When a couple’s financial priorities don’t line up, money can become a big problem in a loving relationship. In fact, experts have found that money issues are one of the leading causes of divorce. But it doesn’t have to be that way. Here are a few ways that you and your loved one can work together to improve your relationship with money and with each other.
Keeping financial problems hidden can impede your plans and potentially hurt your relationship. If you want to navigate your finances as a couple successfully, you must confide in and trust in each other. Discuss the financial concerns you may have and any money differences you had in your previous relationships. Start out by putting all your information on the table, including debt, income, the types of accounts you have, any property owned, obligations and so on. Being honest and transparent will give you and your partner a better idea of what is important and how to develop a financial partnership.
Would you like to pay off existing debt? Buy a home? Have kids? Own your own business? Travel the world? Save for retirement? Sit down with your significant other and discuss your financial priorities. Find out how your individual goals might sync up and figure out what steps you need to take to accomplish them as a couple.

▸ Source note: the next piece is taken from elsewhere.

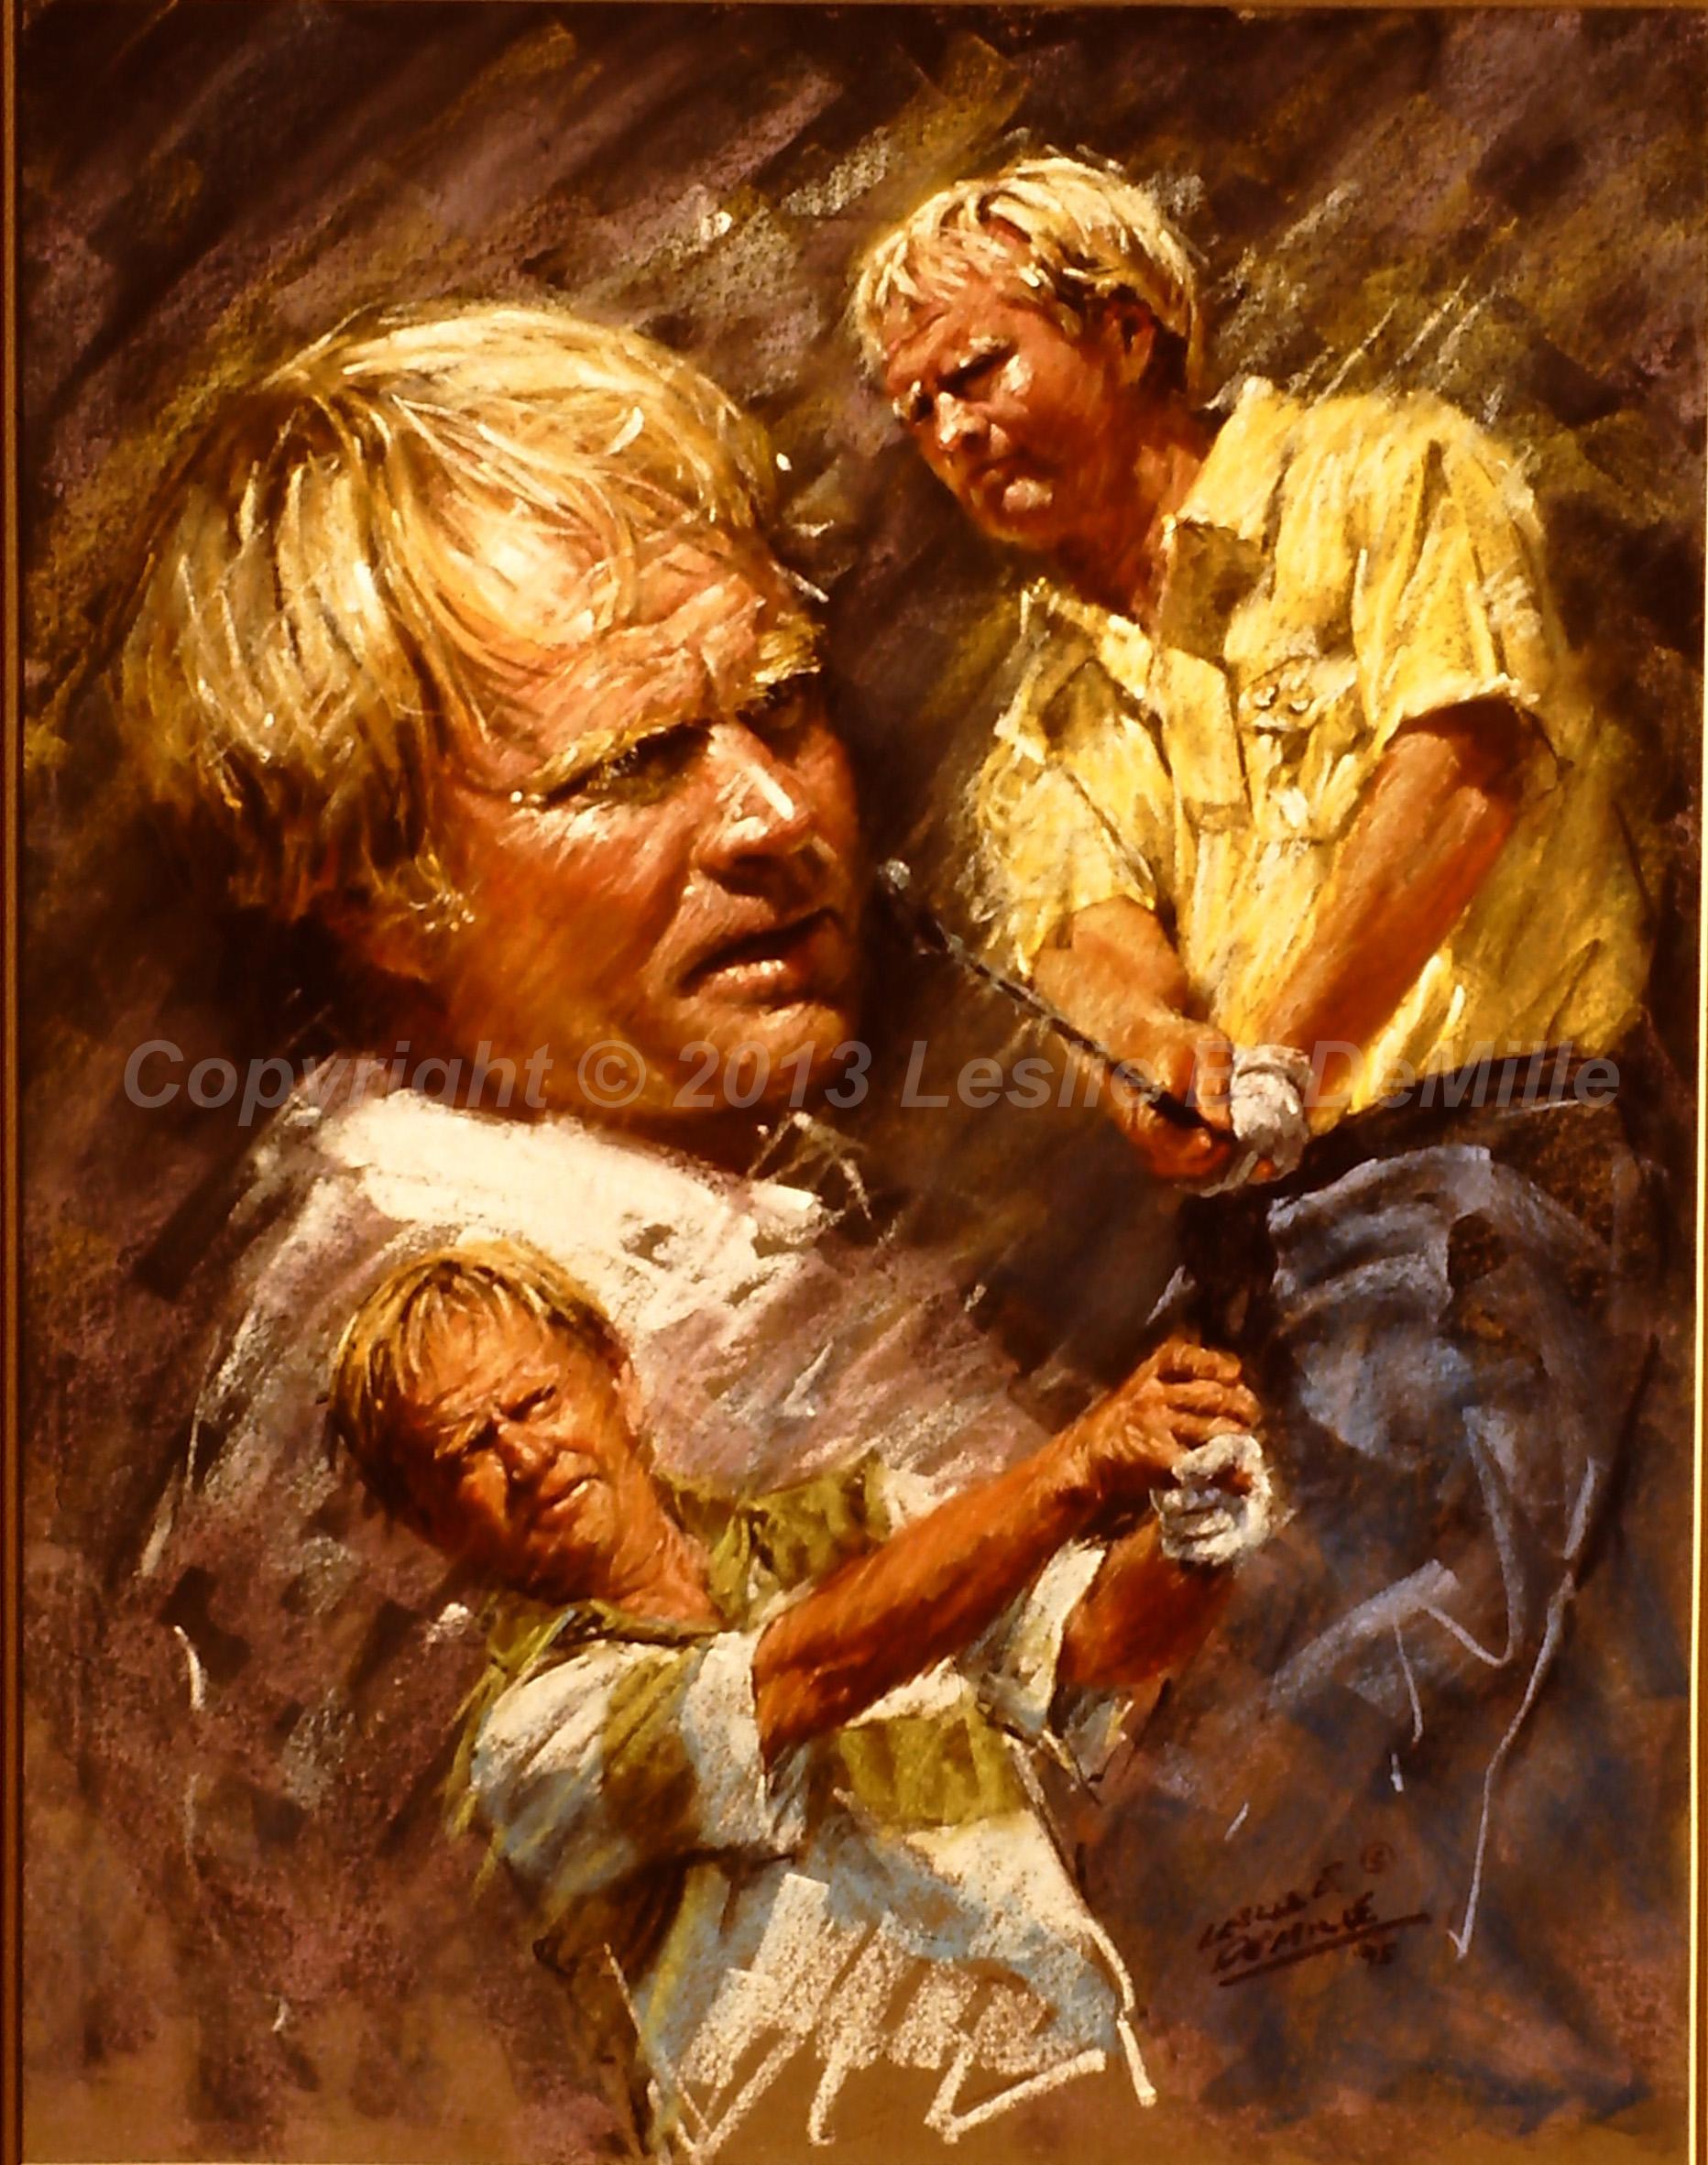 Jack Nicklaus: The Golden Bear, Oil 1994 (11x14)

Tracking your spending as a couple is vital. You need to know where your money is going to create goals and build toward them financially. Start by creating a budget that sets amounts for expenditures and keeps track of what you spend each month. There are a variety of free apps that can make this easy. At the end of a month, take a look at what you spent and see if those numbers match up to the budgeted amounts. If they don’t, work together to figure out why and discuss how to improve in each category. After talking about expenses, adjust the numbers or the spending categories for next month. When your numbers start lining up, you know you have a solid budget.

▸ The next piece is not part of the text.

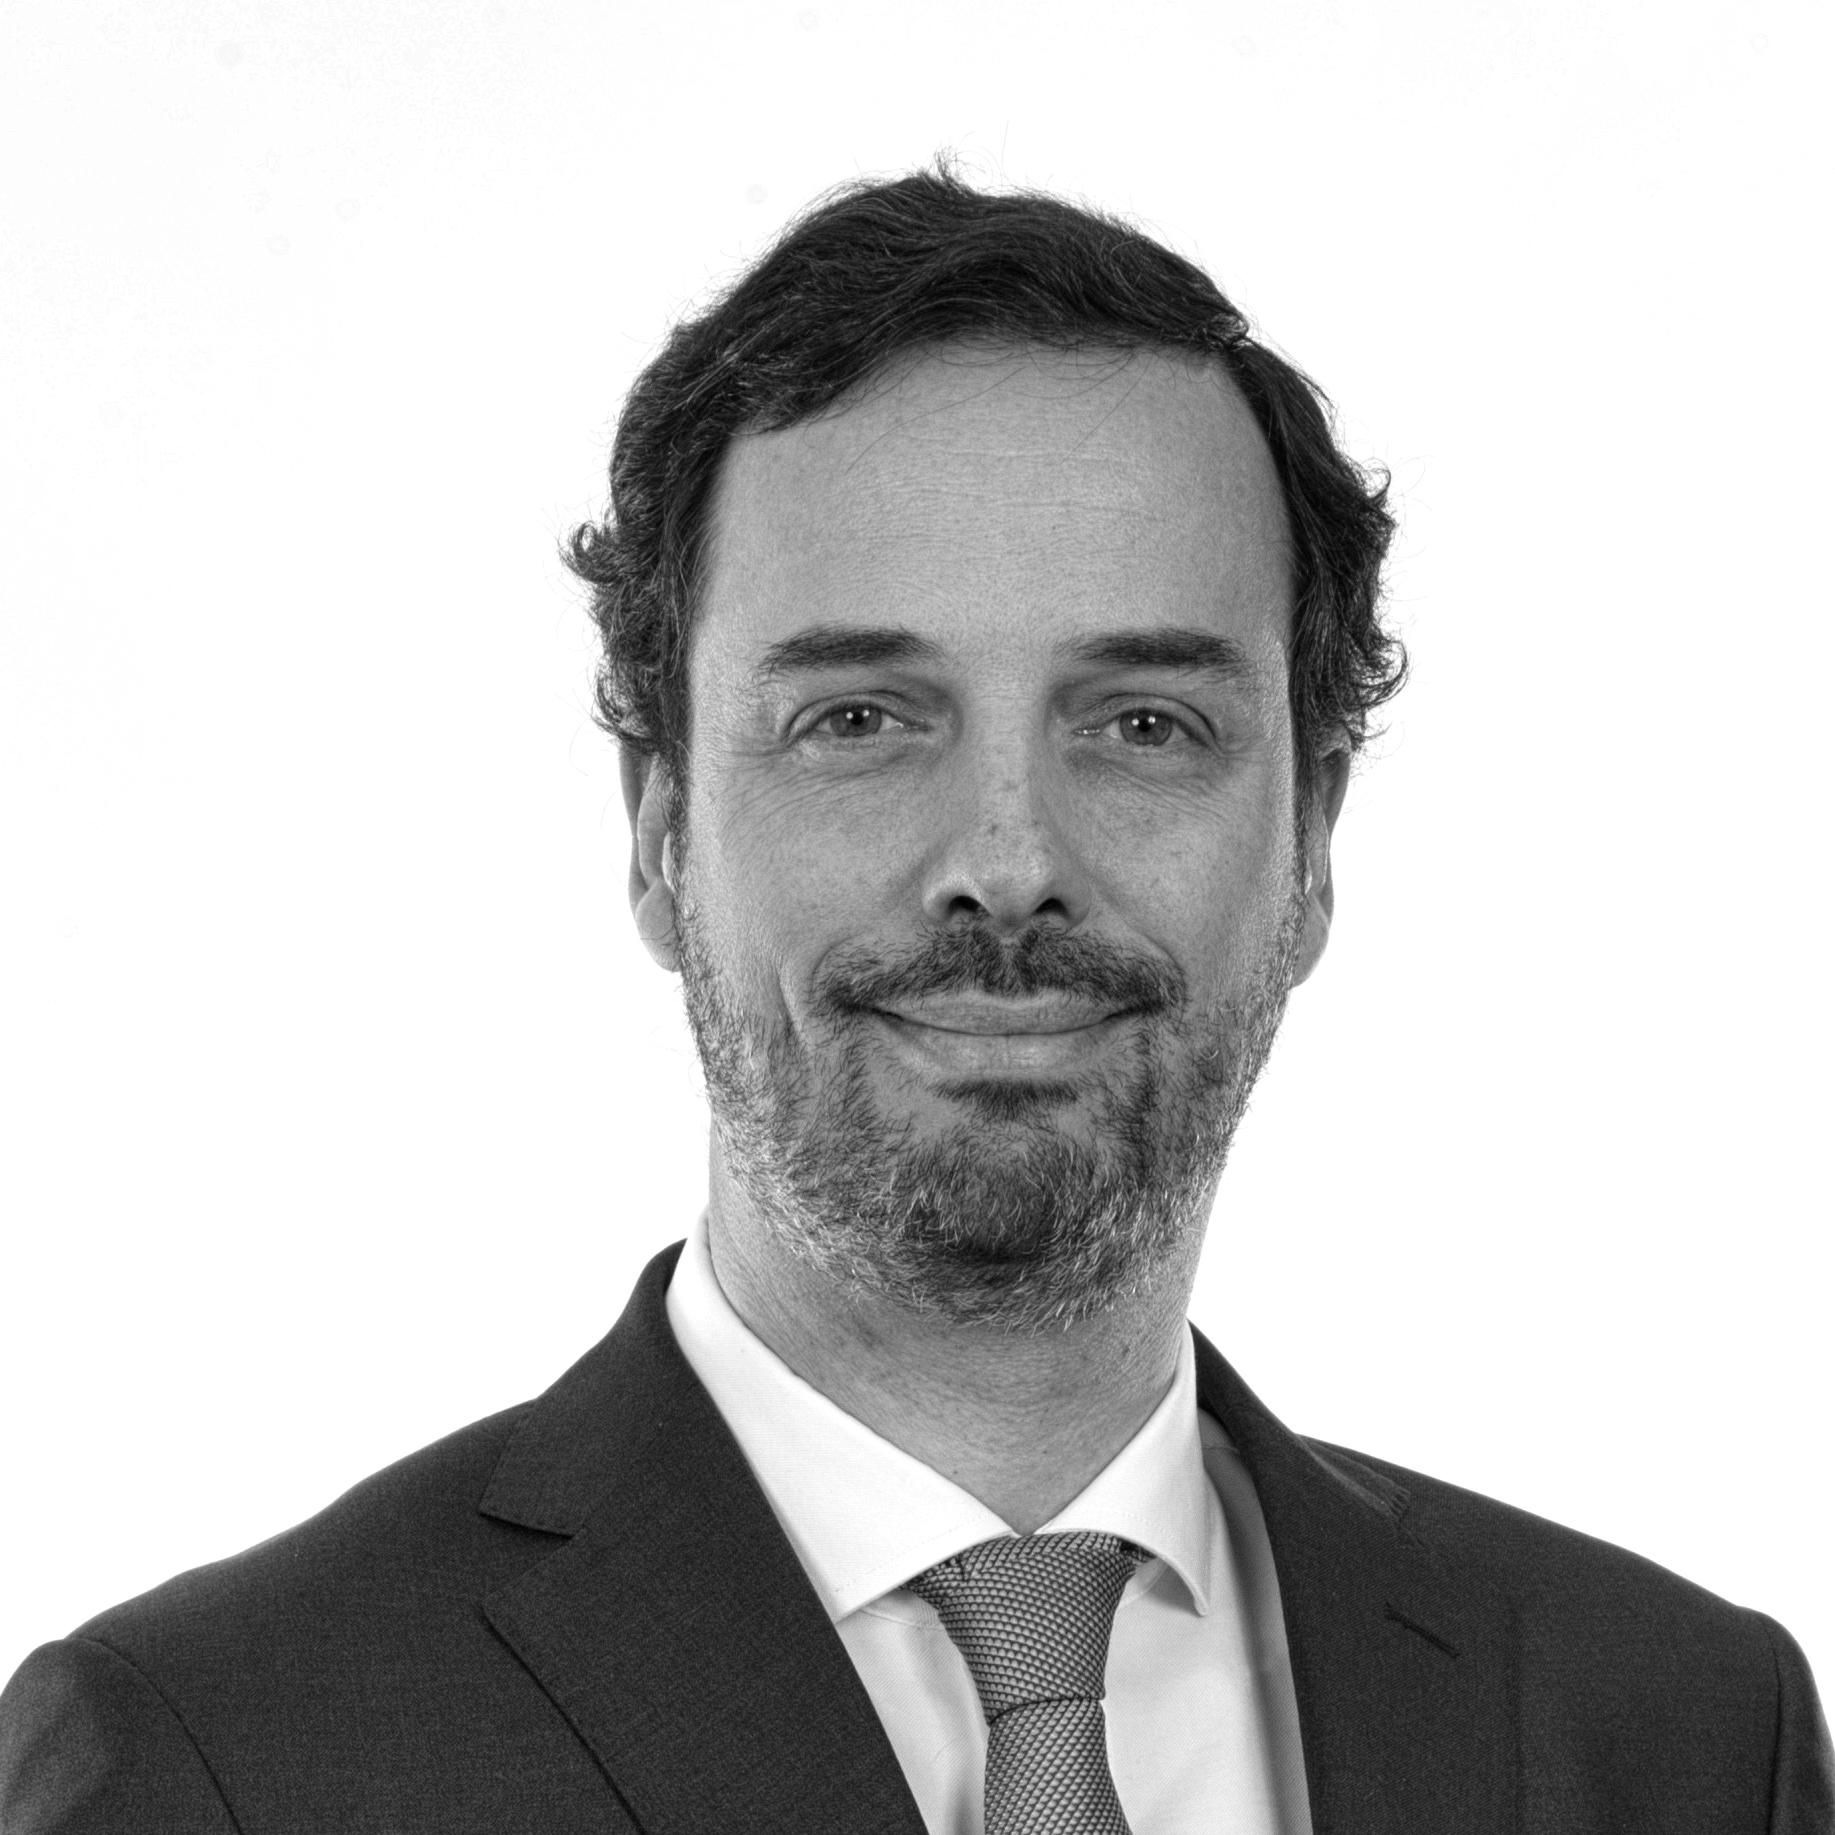 Fernando Veiga Gomes

Not every couple shares money the same way. Some opt to have a joint account, others prefer separate accounts, and many couples decide on a combination of the two. How you decide to handle your accounts is one of the most important decisions you’ll make. It’s also a decision that requires a lot of discussion. The first step is to agree on what expenses should be paid together. Make a detailed list of the expenses you think should be shared as a couple. You should also take time to discuss how much discretionary money each of you will have to spend. Make a list of what kinds of things each of you might spend money on personally to figure out the discretionary budgets. Once you agree, spending based on the discretionary funds should not be judged or argued. Each partner in the relationship should be free to spend that money as he or she sees fit. Discretionary funds can be allocated in your joint account, or you can create separate accounts for this money to be deposited every month.
A savings account can be used toward big purchases down the road, like a new home. It can also be used to invest in a retirement account. It can provide an emergency fund in case one of you loses a job or suffers an injury. When you start talking about finances and make a budget, consider saving at least 10% of your income early on. This can go a long way toward realizing your goals as a couple.

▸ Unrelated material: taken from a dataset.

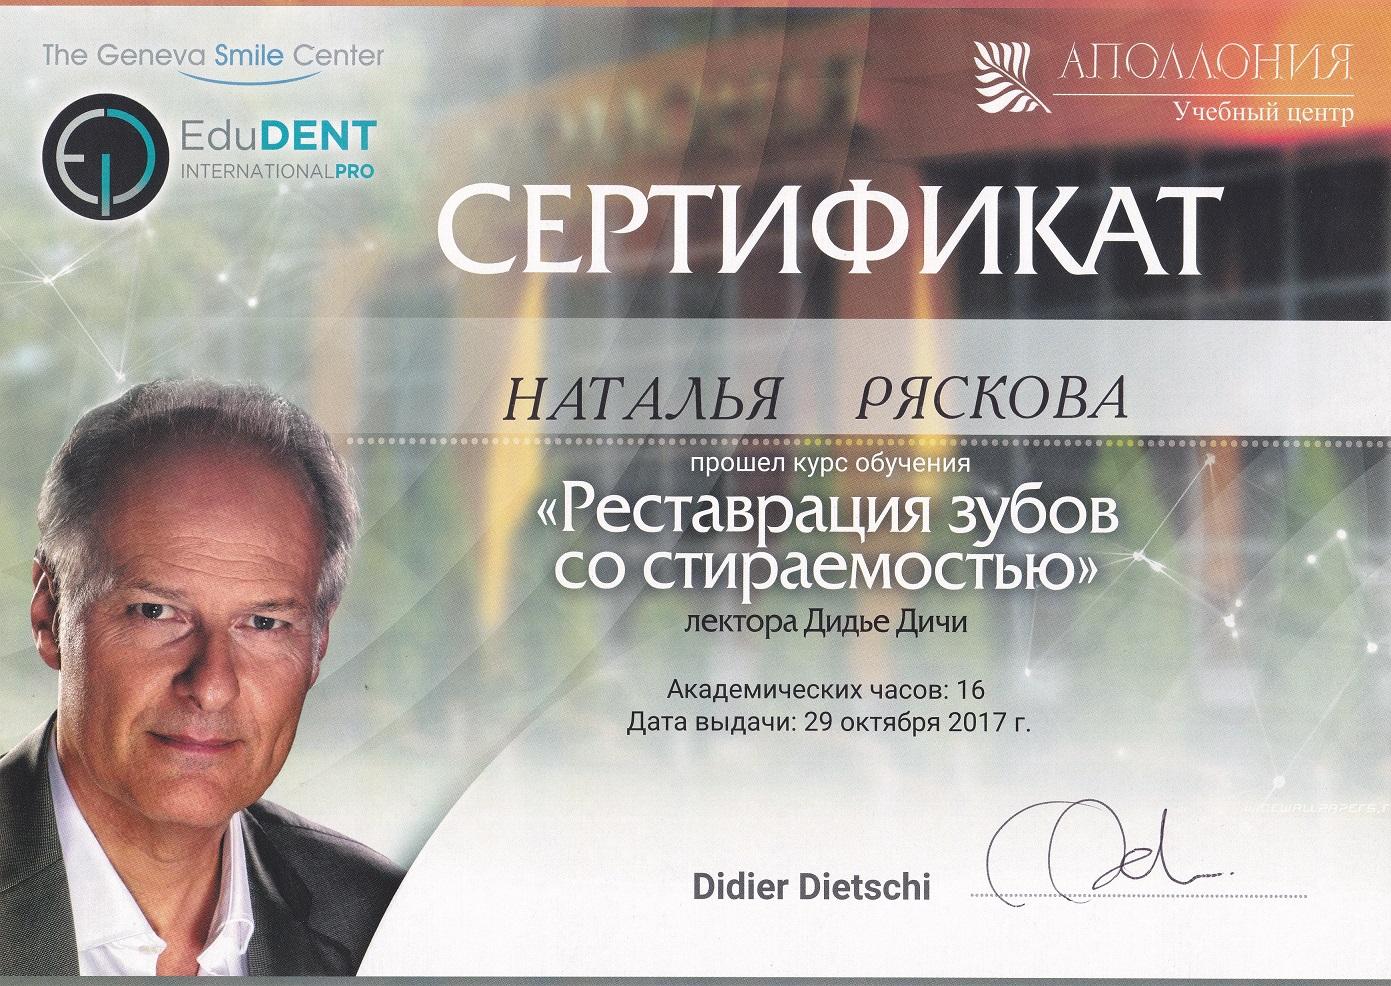 http://oris-vidnoe.ru/wp-content/uploads/2021/05/ryaskova3.jpg

Try scheduling a financial meeting once a month to discuss your financial situation, your goals and your status on achieving them. If you’re having money troubles, brainstorm solutions together. Discussing money may not always be comfortable, but taking the time to talk about finances with your partner on a regular basis will make it easier. Take a walk to a coffee shop and make this discussion part of a regular, business date.
Creating a structure for handling finances will make it easier to ensure your money is in order and encourages teamwork. Take some time to figure out who should be responsible for paying bills, balancing accounts, monitoring credit and researching large purchases like a house or car. Do you want to do it all as a team? Or do you want to divide tasks? Start by having a conversation about what tasks each of you is good at, likes or doesn’t like and make a financial jobs list. When you have your financial meeting each month, you can report information relevant to the tasks you completed. You may need to try different options to find the best way to tackle your financial responsibilities. Don’t be afraid to switch things up.
If you and your partner need any assistance with financial planning, consider visiting a financial planner together for help.